Thanks to a “generous grant”, enthusiastic committee, and active Carterton community, a historic rural landmark has a new lease on life.
The West Taratahi Community Hall on Chester Rd is emerging as a hive of activity and a well-used events hub for Carterton locals – which its committee hopes will continue following some significant renovations.
In January, the hall’s committee made a successful bid for funding from the Lotteries Commission – used to cover several upgrades to the 130-year-old building including new kitchen facilities, a heat pump, water filter, and portable wheelchair ramp.
The renovations were inspired by renewed interest in the hall as a community facility – now host to various activities, from exhibitions, to family gatherings, to puppy preschools.
The committee is seeking funding for further upgrades, including ceiling insulation and more accessible facilities for the outdoor toilet blocks.
The hall is going against the grain: In recent years, several community halls throughout rural Wairarapa have faced closure, due to lack of funds and limited use, including the nearby Belvedere Hall.
A committee spokesperson said the building’s renaissance is “timely” – considering the role community halls played as emergency hubs during Cyclone Gabrielle.
“Given the recent flooding disasters, centres like this should be retained and used – as it’s during times of crisis that neighbours and community are vital.
“When there is a disaster, community halls can be important places for people to gather and find safety and support.

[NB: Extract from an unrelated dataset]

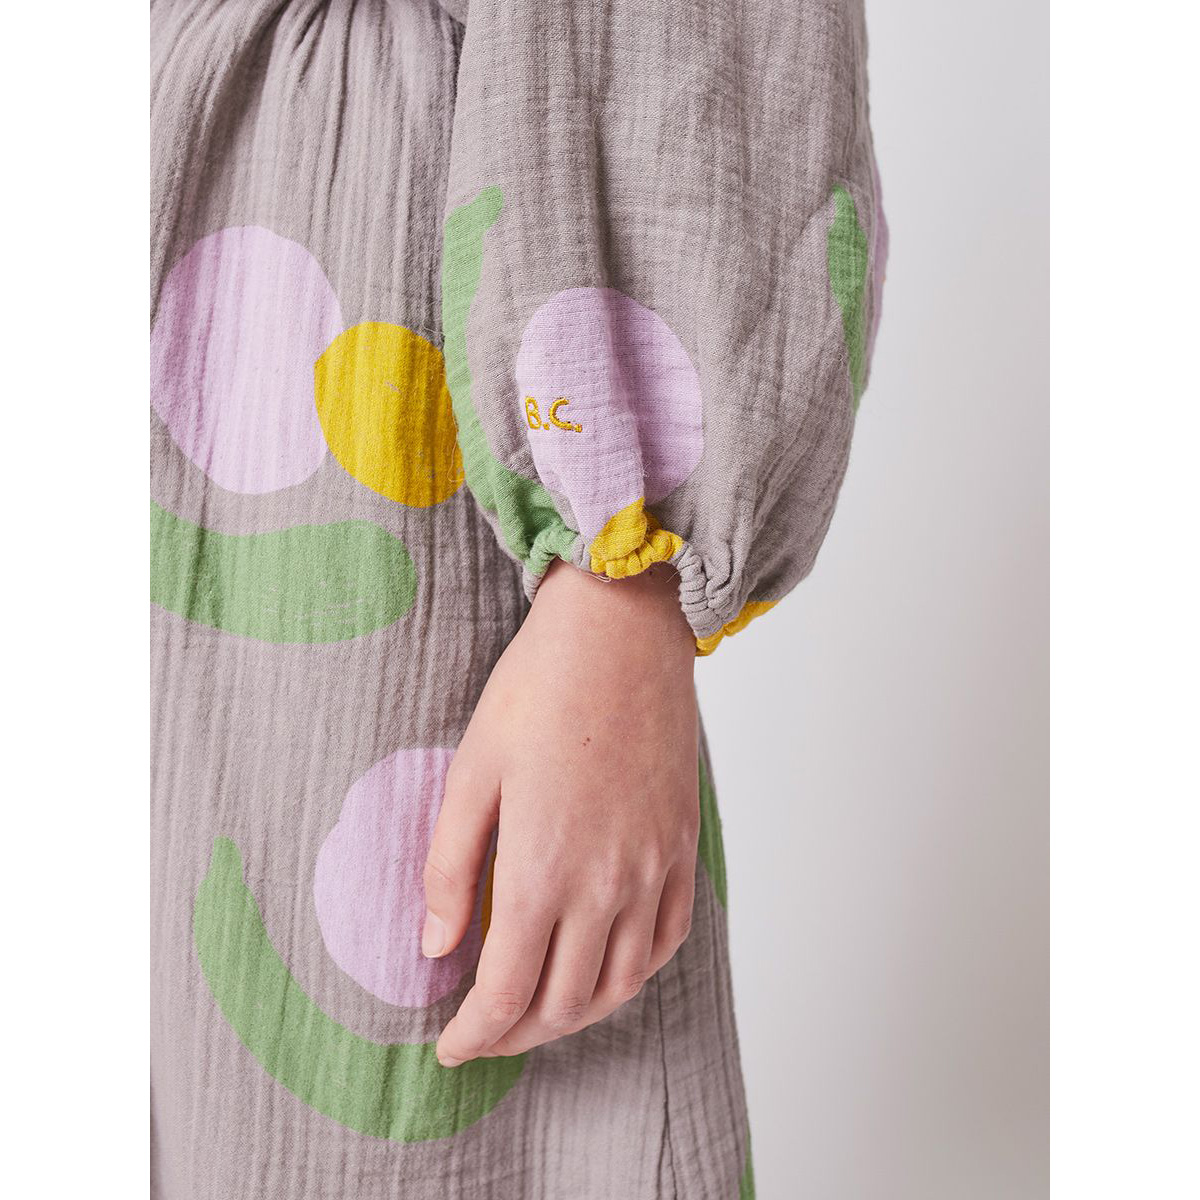 From spain BOBO CHOSES Fruits All Over woven dress 100/110/120/130/140-150 オーガニックコットン100%

“Plus, it’s good for social cohesion. Even in rural areas, a lot of people still don’t know their neighbours. Having a shared space for events helps people get to know one another and form relationships.’’
The hall, built in 1894, originally housed the old Taratahi West School, which had a roll of about 25 pupils – many of whom walked to school, crossing several creeks along the way.
One of the Taratahi West alumni, Ian Phelps, attended the school during World War II, and is now an active member of the hall’s committee.
Now 87, Ian cycled to Chester Rd from Masterton to carry out regular cleaning duties and raise the hall’s flag – but had to stop recently, due to increased traffic.
By the late 1960s, a dwindling roll saw the school close its doors, and ownership of the building was returned to the Crown.
The space was used as a community hall, with the rented property on the site – the old schoolmaster’s house – bringing in a consistent income stream.
In the last five years, the committee has worked hard to attract more community interest in the space – starting with clearing the land [which had been used as a rubbish dump] and planting a large native garden.
The hall is now used by a “diverse group of people” – including for band practices, craft groups, fitness classes, a puppy training school on the front lawn, and an exhibition by Carterton painter Kathy Bartlett.
It has also recently been booked for a wedding and a 60th birthday party.
Further, the hall is included as a stop point on the planned Norfolk Road Trail, a multi-purpose walking and cycling trail along Norfolk and Chester Roads.
The hall committee is thankful to the volunteers and professionals responsible for the renovations: Including ArbInnovations, Cooper Farm Services, Rummages, Wairarapa Lawnmasters and local builder Hank Groeneweg.